Open Hongyuan-Liu opened 4 months ago
看一下reparameterize这个函数
我看到了,这个函数是提前给模型输入了文本信息,那么onnx推理的时候也能调用到这个函数吗?
调不到,得改一下代码,默认的onnx导出的模型输入只有图片,需要加上text提示才能实现你说的:
这个函数是提前给模型输入了文本信息,那么onnx推理的时候也能调用到这个函数
那就是在导出onnx的时候,fake_input包括图片、text,一块送进去进行导出了 torch.onnx.export( deploy_model, fake_input, f, input_names=['images'], output_names=output_names, opset_version=args.opset) 但为什么官方的导出方式不这么做呢?

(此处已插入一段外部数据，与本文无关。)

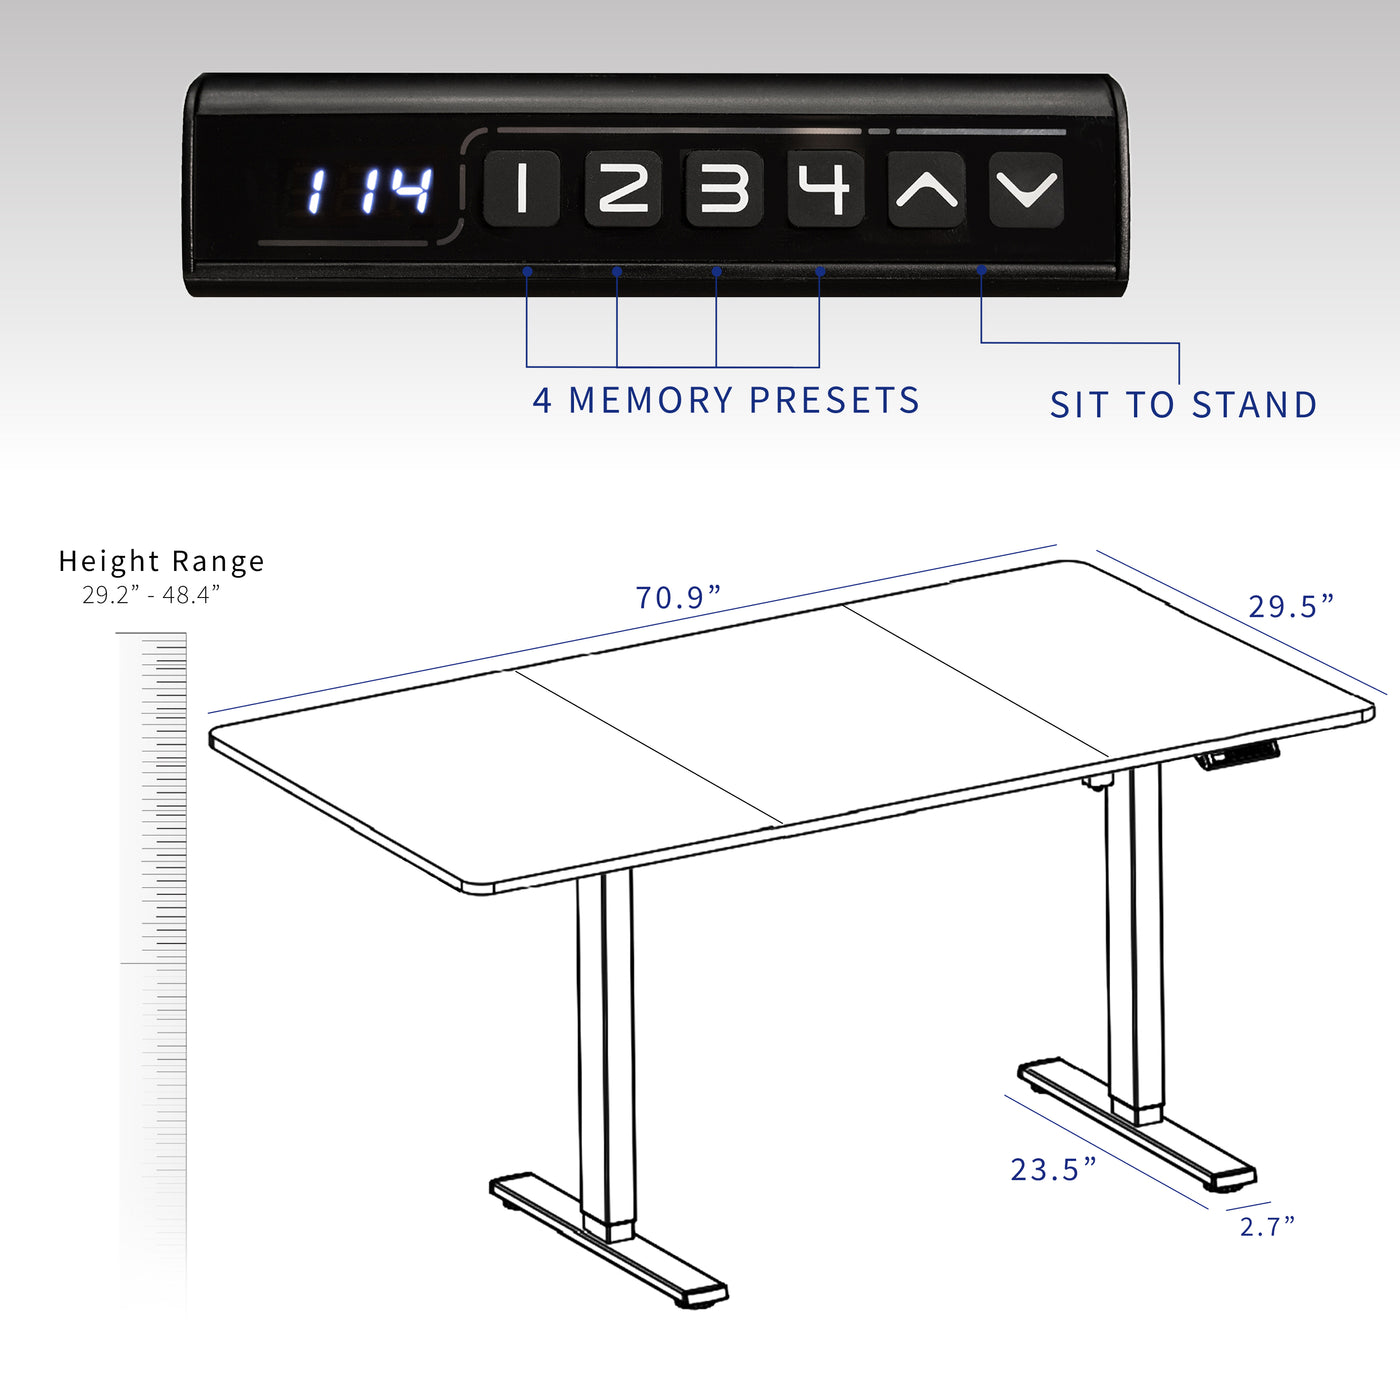 Dimensions of height, width, and depth of the electric desk that ships in two boxes.

Hi @Hongyuan-Liu, currently, we only support exporting ONNX with a customized vocabulary for downstream detection tasks without training. Supporting text prompts for the ONNX model requires the text encoder. Ideally, we can export a larger ONNX model with a text encoder, but currently, it's not in the plan.

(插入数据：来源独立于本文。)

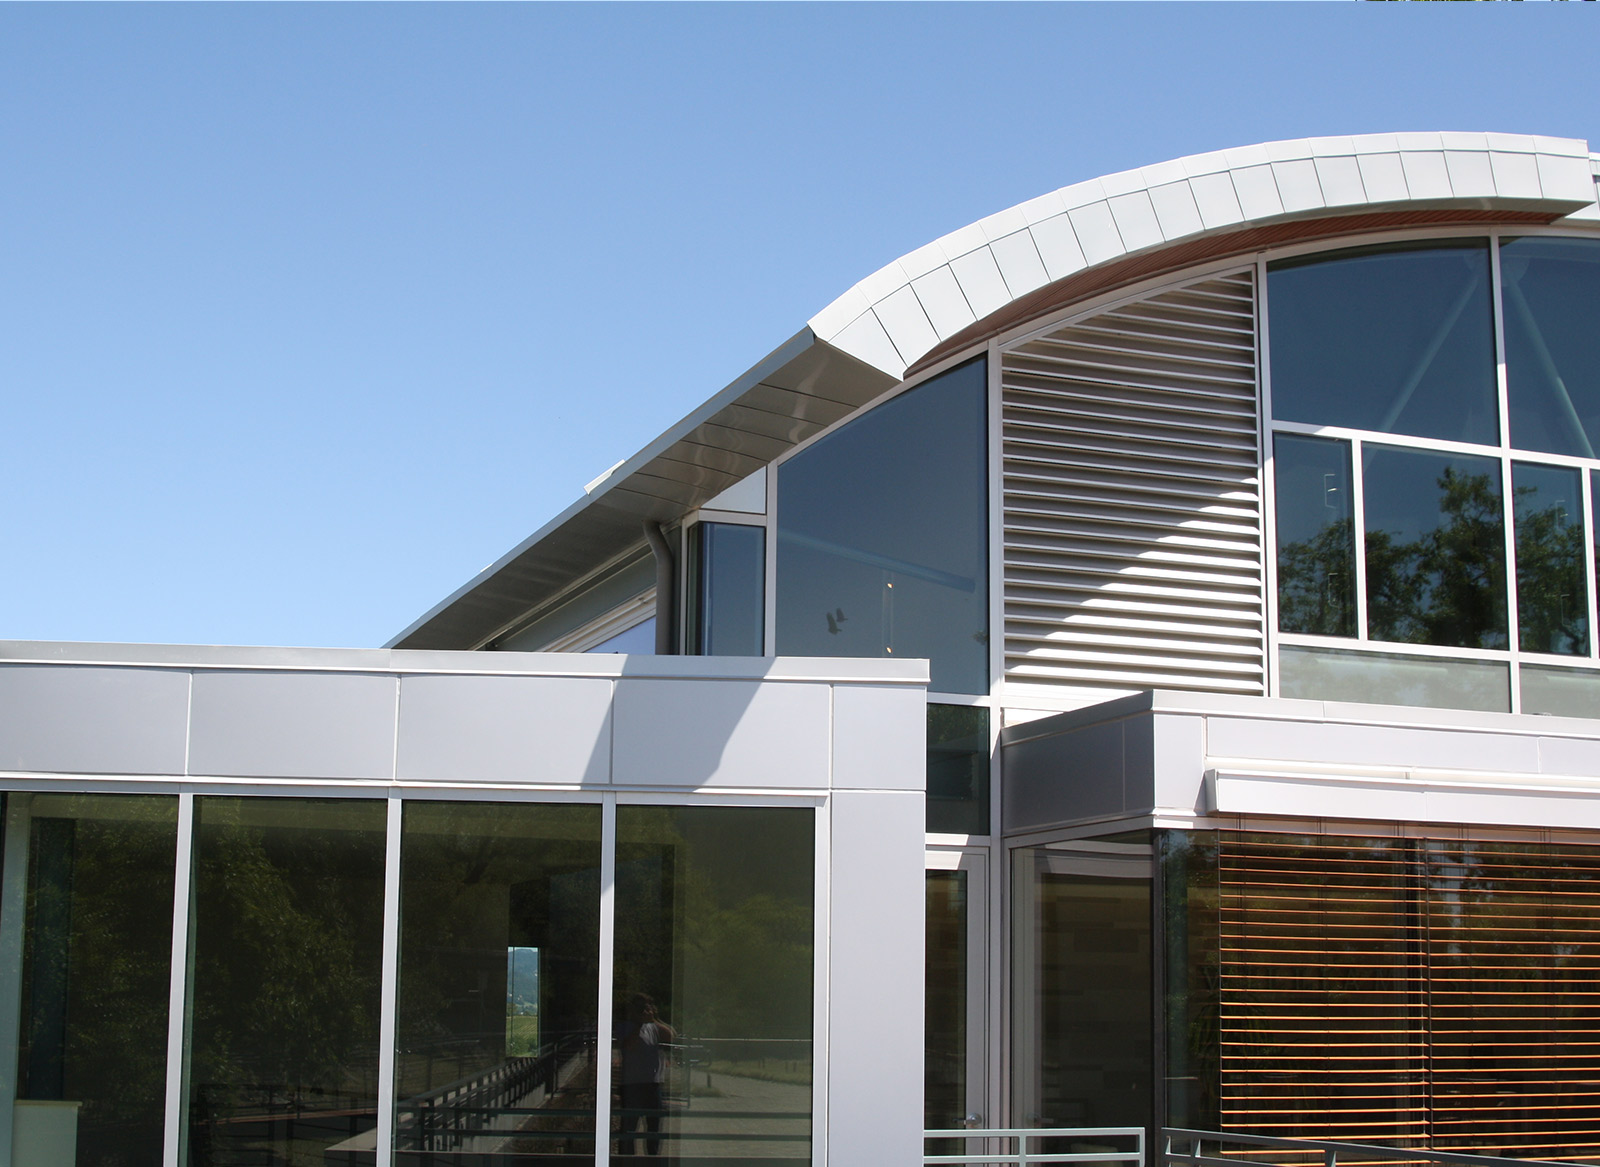 curved metal roof and metal siding

@Hongyuan-Liu, you can try to export the ONNX model with CLIP. There are some open-source works which export CLIP to ONNX. We would appreciate it if you finish it with a kind pull request.
根据你的所述,我理解的是,这个工程只是做特定语义的检测,也就是所说的自定义语义检测,当要部署的时候,把自定的所有语义都通过reparameterize加载进去,然后导出onnx,这样onnx模型就支持了所定义的语义检测了,是这样吗? 那如果是我理解的这样的话,我自己指定自定义的语义,而不限于 coco_class_texts.json,lvis_v1_base_class_captions.json ,lvis_v1_class_texts.json, obj365v1_class_texts.json这些定义好的,理论上也是可以的是吗 ?

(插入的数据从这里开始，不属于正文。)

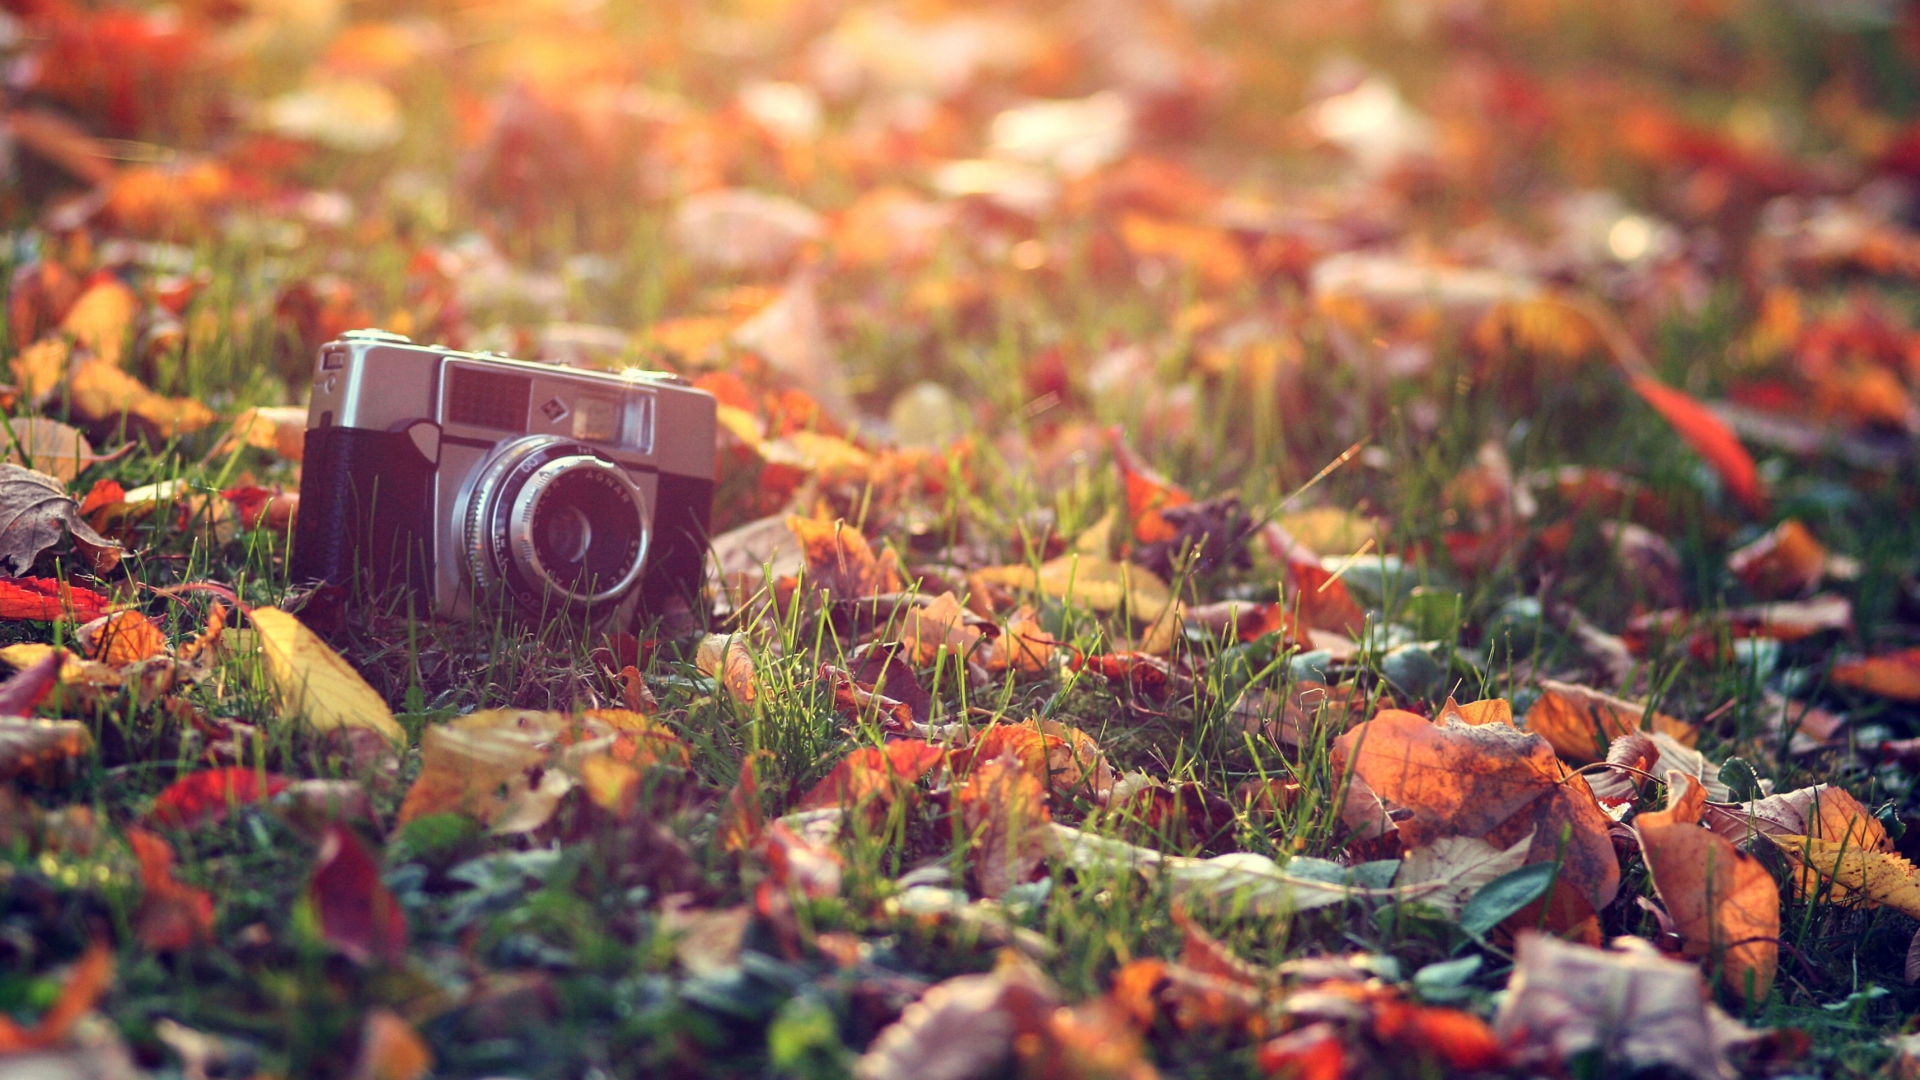 Old Camera On Green Grass And Autumn Leaves wallpaper 1920x1080

是的,一般检测器训练多少类就只能检测多少类,部署也只能检测这些类。对于YOLO-World,你现在可以指定你想要检测的类别(custom vocabulary),然后reparameterize进模型,转ONNX后部署。custom vocabulary可以不限于这些json的类别,可以自己写一个json来自定义任何类别。
好的,谢谢
Hi @Hongyuan-Liu, currently, we only support exporting ONNX with a customized vocabulary for downstream detection tasks without training. Supporting text prompts for the ONNX model requires the text encoder. Ideally, we can export a larger ONNX model with a text encoder, but currently, it's not in the plan.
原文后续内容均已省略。